Amid all the macro-economic debate about the euro, which most of us, frankly, don't understand a word of, amid all the talk of bailouts and bonds, defaults and double-dips, no-one has had much to say about the hard cash itself. I mean, what you actually see on the euro banknotes, and in particular on the euro coins.
Take a closer look at those heads-and-tails and you'll find some rather disconcerting angles on European history and politics - and a story that goes back to the very first attempt at a European monetary union, 2,500 years ago.
Ironically, given what's been happening in the past few months, that prototype eurozone was masterminded by the Greeks, in ancient Athens, in the middle of the 5th Century BC.

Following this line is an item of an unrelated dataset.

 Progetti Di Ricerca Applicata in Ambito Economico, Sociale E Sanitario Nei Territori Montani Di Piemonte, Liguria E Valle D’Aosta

Athens in the 5th Century BC was a democracy (the world's first, so the modern Greeks rather dubiously claim). It was also an exploitative empire, controlling many other states around the Mediterranean.
Some time about 440BC, the Athenians decided to make all these people get rid of their own currency, with their own national emblems, and use Athenian "owls" instead - in fact some of the public notices laying this down, still survive, inscribed on stone around what was the Athenian empire.

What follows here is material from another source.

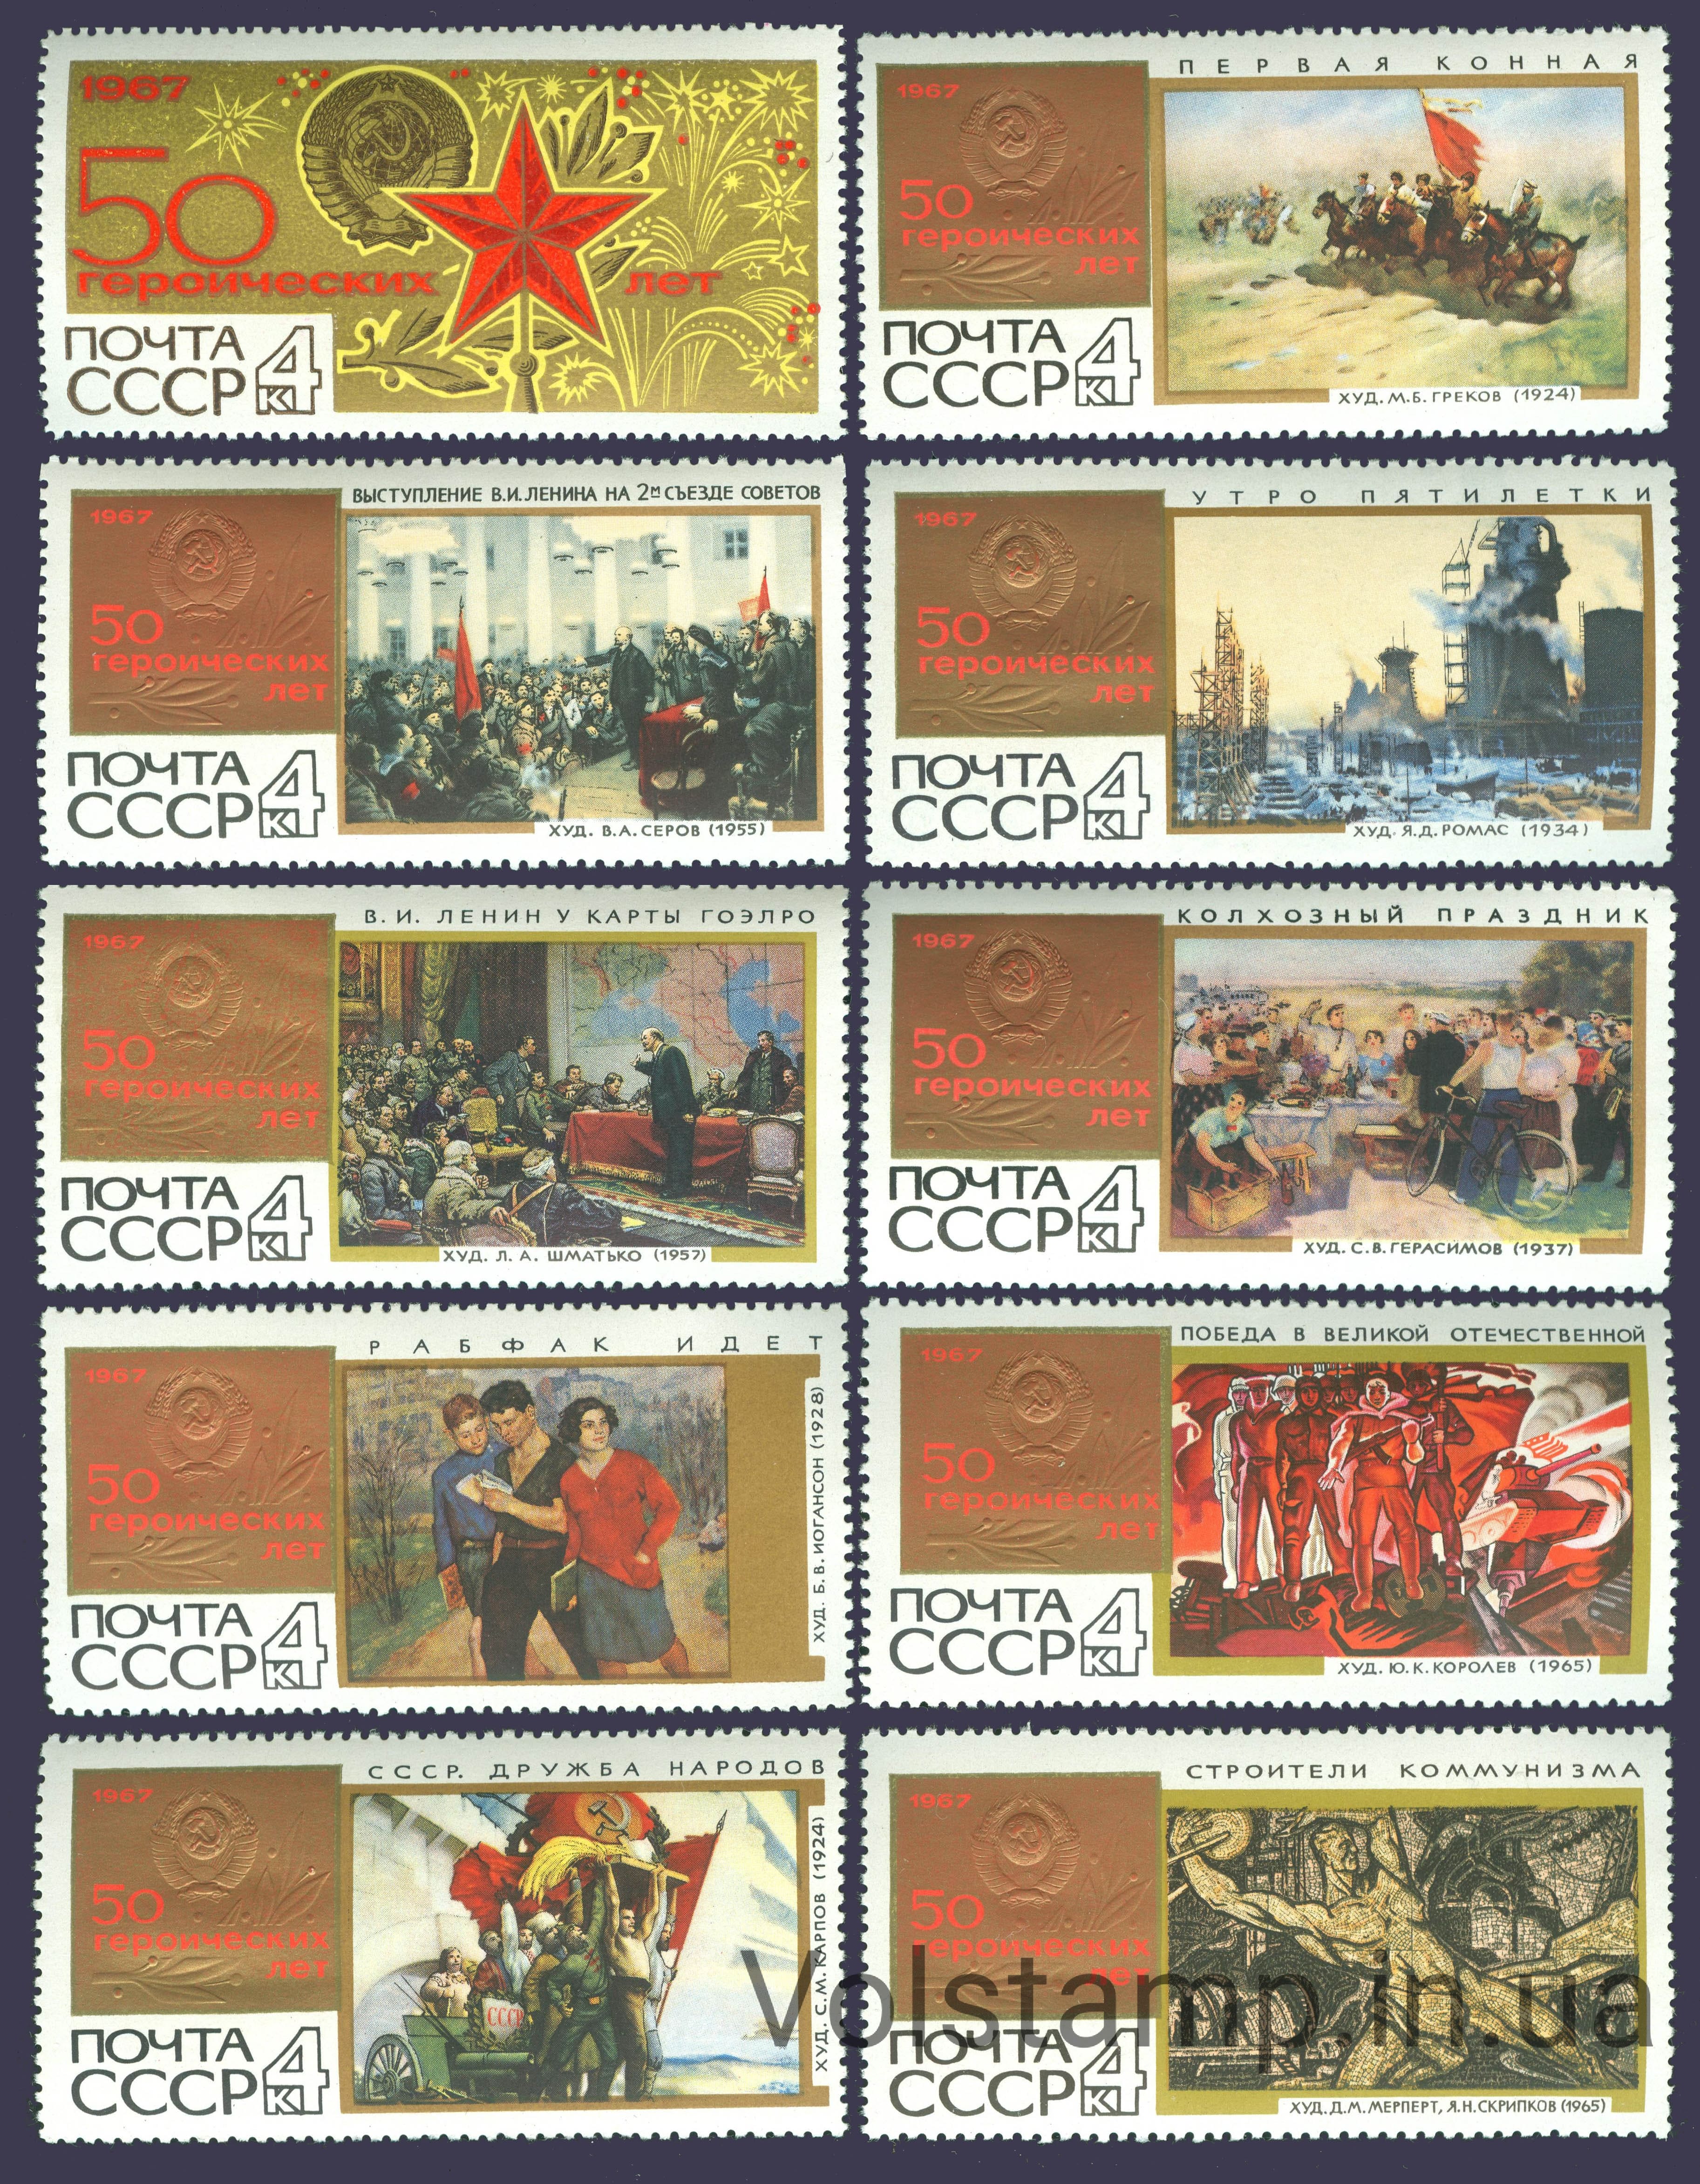 1967 серия марок 50 героических лет №3458-3467

The rules, as we can read, were pretty stringent: it wasn't only money that was involved but Athenian weights and measures too (it was the ancient equivalent of imposing grams and metres as well as the euro); and the subject states had to bring their coins to be changed in Athens, with a substantial rake-off for the Athenian treasury. Non-compliance could result in the loss of citizenship; it might even lead to the death penalty.
Modern historians have puzzled endlessly about what was really going on here. Were the Athenians out simply to make a profit? Were the states of the empire actually keen to come into the Athenian-zone? If so, threats of the death penalty seem a bit unnecessary.
And did the legislation actually succeed in eradicating the other currencies and establishing the owls across the empire? We can't be sure.
But on any interpretation, it is hard to resist the conclusion that the Athenian imperialists were using monetary union to display their political muscle - and hard not to imagine that vengeance for that has finally come, 25 centuries later.